Guests at the Mayfair hotel’s Kitchen Party, held as part of London Food Month, will be escorted downstairs to the kitchens and welcomed with cocktails and champagne on a specially installed red carpet.

The hotel’s long-standing executive chef Henry Brosi is hosting the evening alongside Jean-Philippe Blondet from three-Michelin starred Alain Ducasse at The Dorchester and David McIntyre from sister hotel 45 Park Lane.

Each will have a station in one area of the hotel’s vast kitchens — which are as large as 10 tennis courts. Guests can either sit at a stall at the food station or stand and eat while chatting to the chefs.

Music will be provided by a DJ playing from a booth in Brosi’s office.

Brosi, who has worked at the hotel since 1999, will be serving his signature dish — poached Dublin bay prawns with tender stem broccoli and sauce vierge — among other highlights from the hotel’s menus.

​Blondet, who previously worked at the three Michelin star Le Louis XV-Alain Ducasse at the Hotel de Paris in Monaco, will serve Scottish salmon, fresh herb condiment and caviar.
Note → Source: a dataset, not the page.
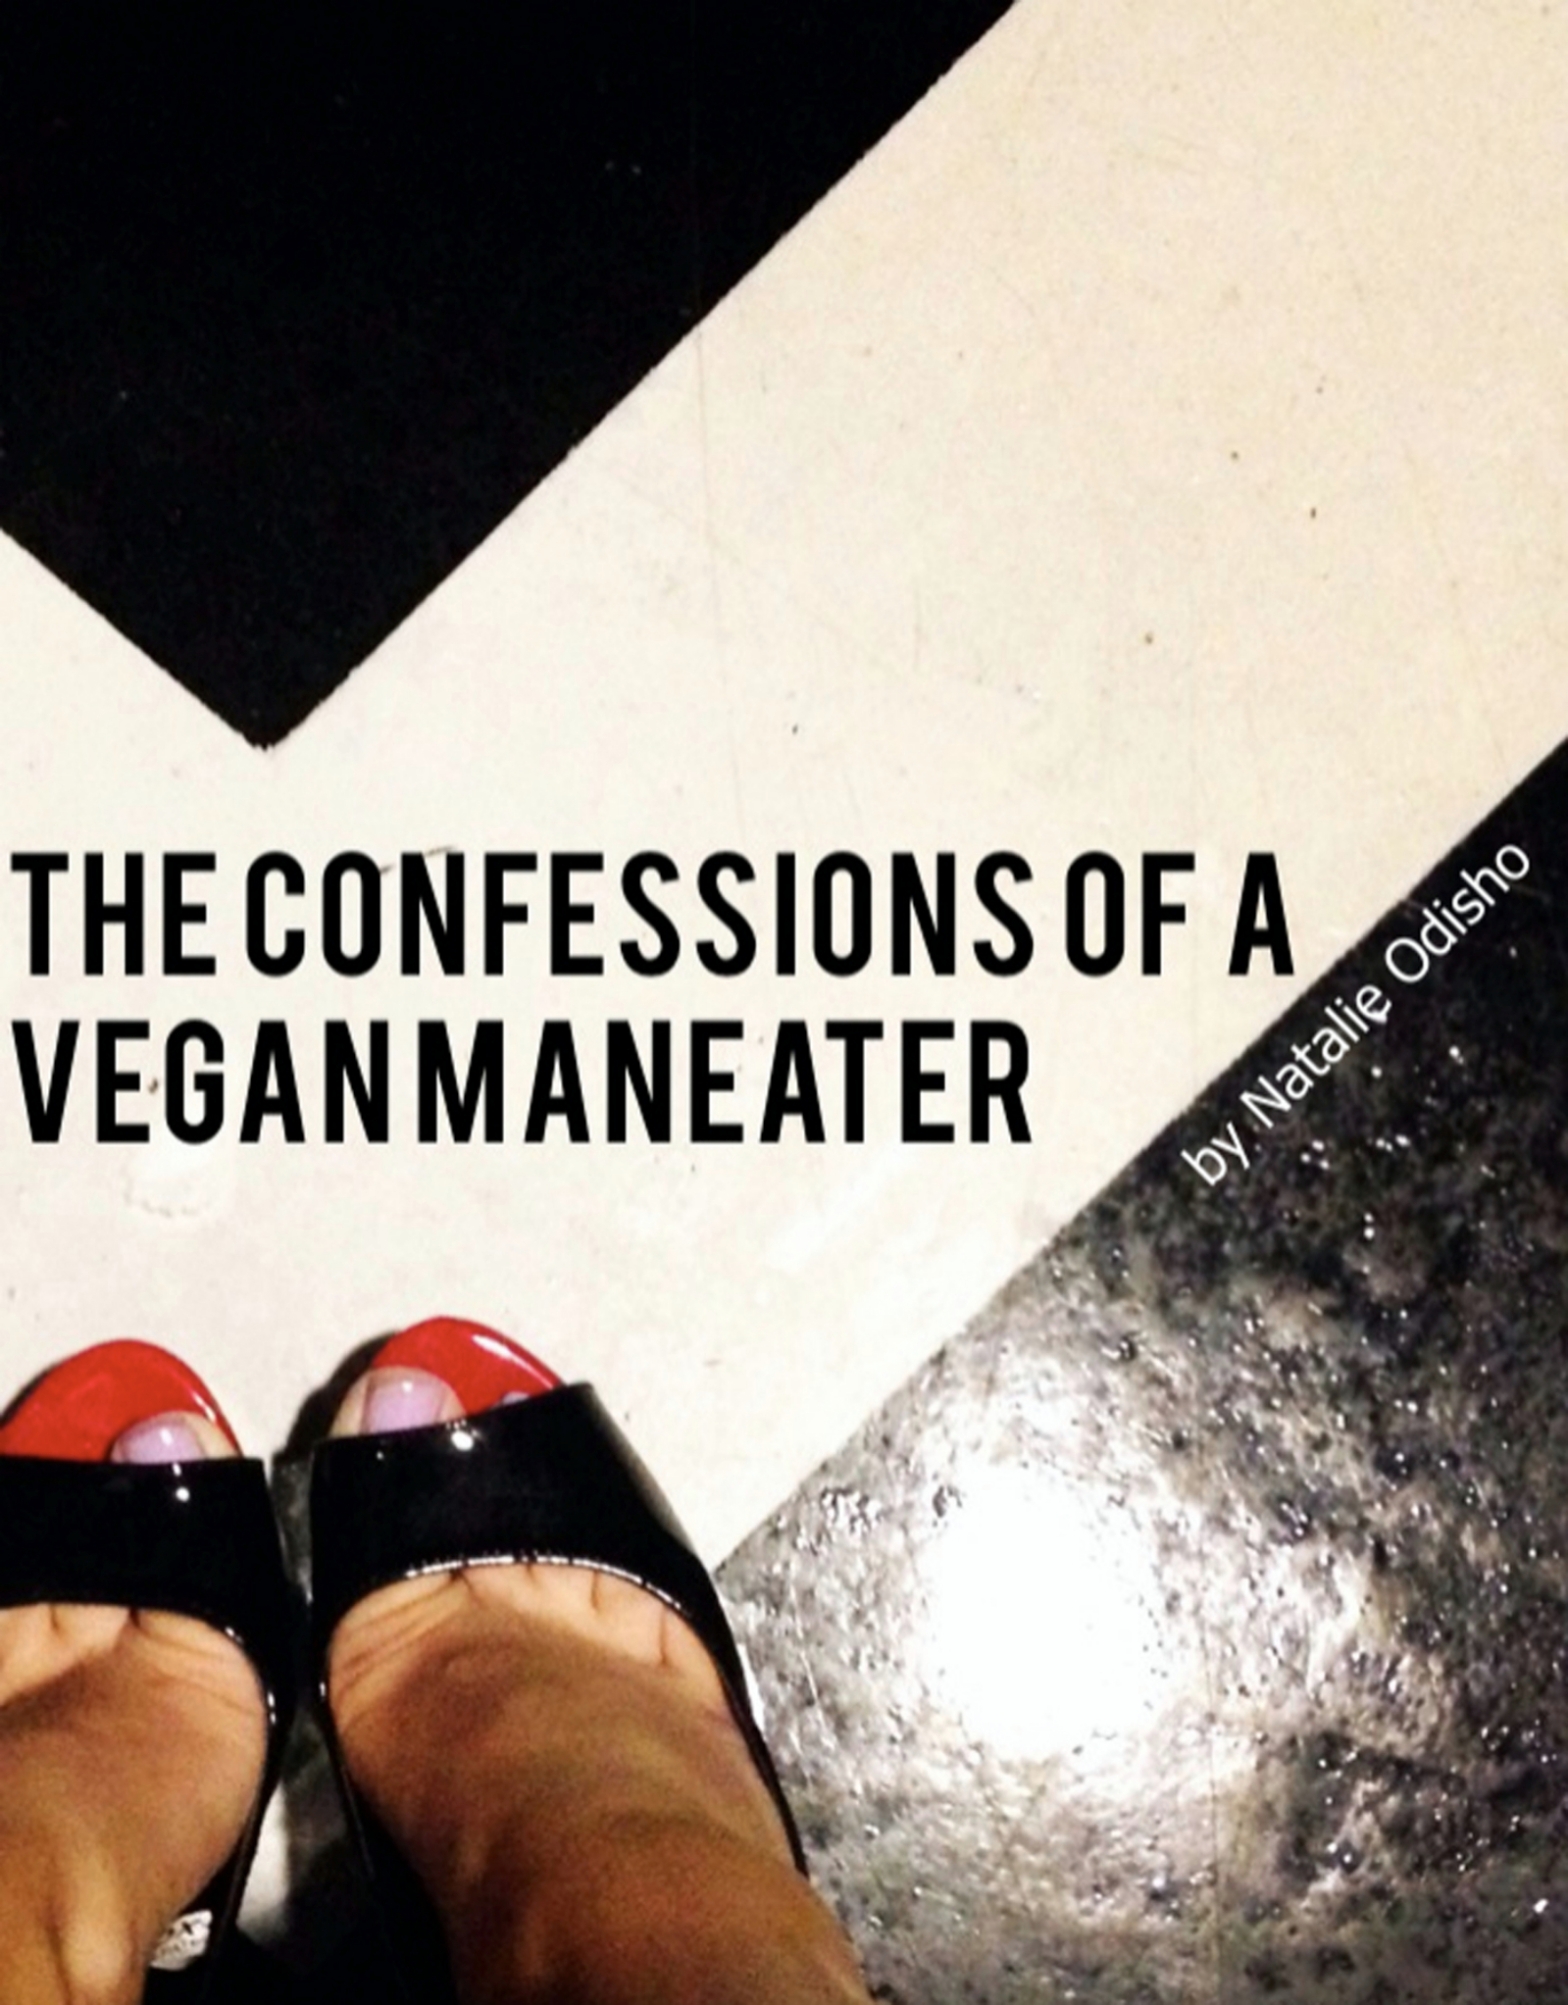 Black Patent Leather from the floors of Mingo karaoke. The Confessions of a Vegan Maneater

Meanwhile Californian-born David McIntyre, previously of The Ritz Carlton in Los Angeles, will serve up spiced ahi tuna cone with miso from CUT at 45 Park Lane.

There will also be a Peking duck station from executive chef Chong Choi Fong of China Tang at The Dorchester, the hotel’s Cantonese offering.
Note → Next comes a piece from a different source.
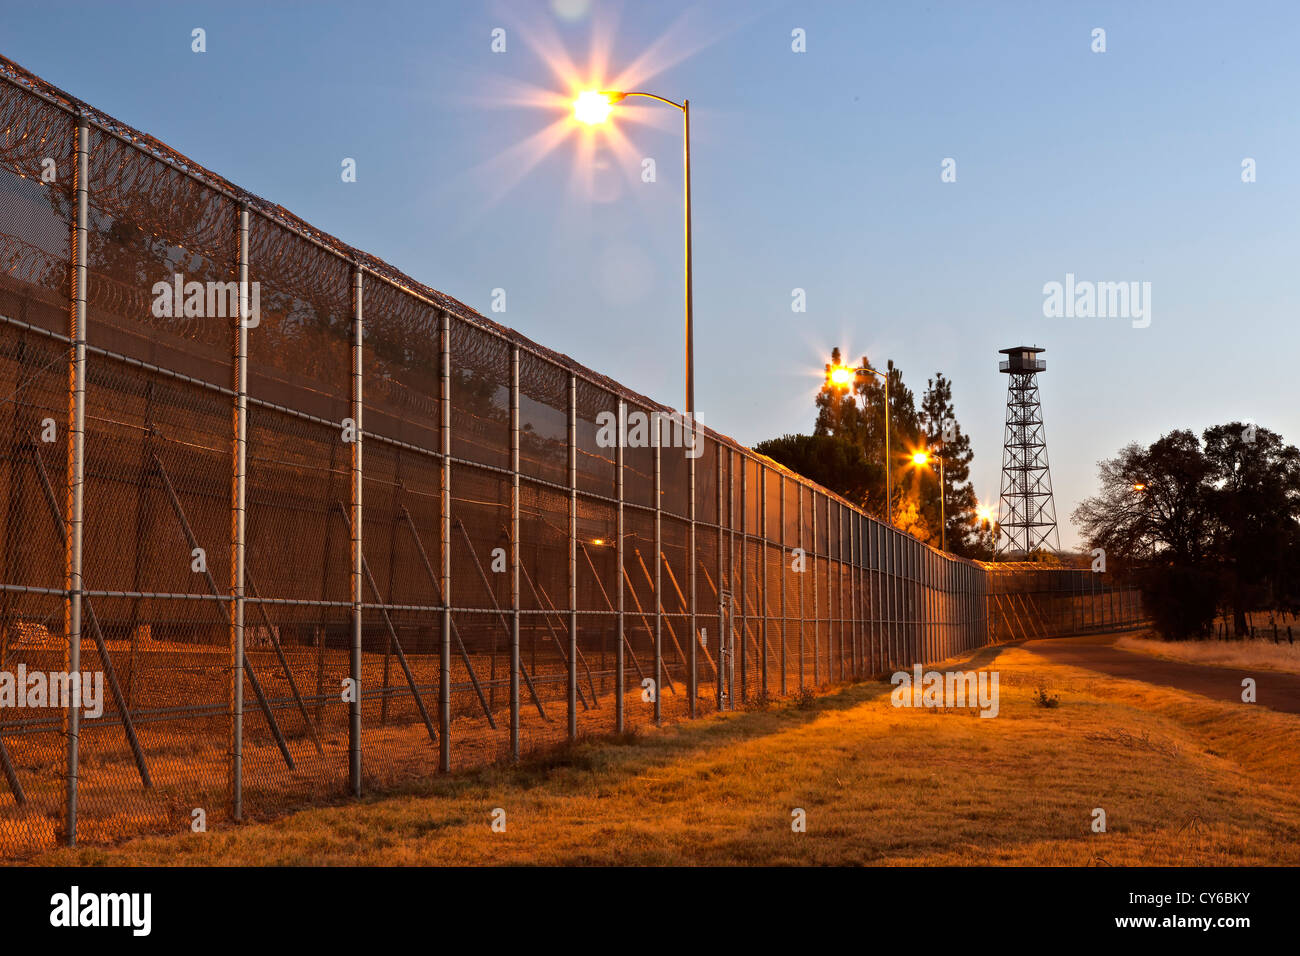 Prison security fence,  guard tower, before sunrise. Stock Photo

Henry Brosi, the hotel’s seventh executive chef in its 86-year history, said: “The usual staff will be working in another area of the kitchen and we will have as station each where guests can talk to us and eat and really get involved in the cooking if they want.

“We wanted our guests to see how the kitchen works so they can understand exactly what we do. It is a rare thing for people to be able to have that kind of interaction with a top chef, so it is a lot of fun for them. We don’t often get to meet our diners, so it is great for us, too.

“It is not only restaurants that make up the London food scene and that have made London what it is today [in terms of food]. London is a hugely diverse city for food and hotels can be forgotten. The hotel scene is as important as everything else.”

The Dorchester’s London Food Month Kitchen Party take place on Monday, June 26. Tickets cost £150 per person.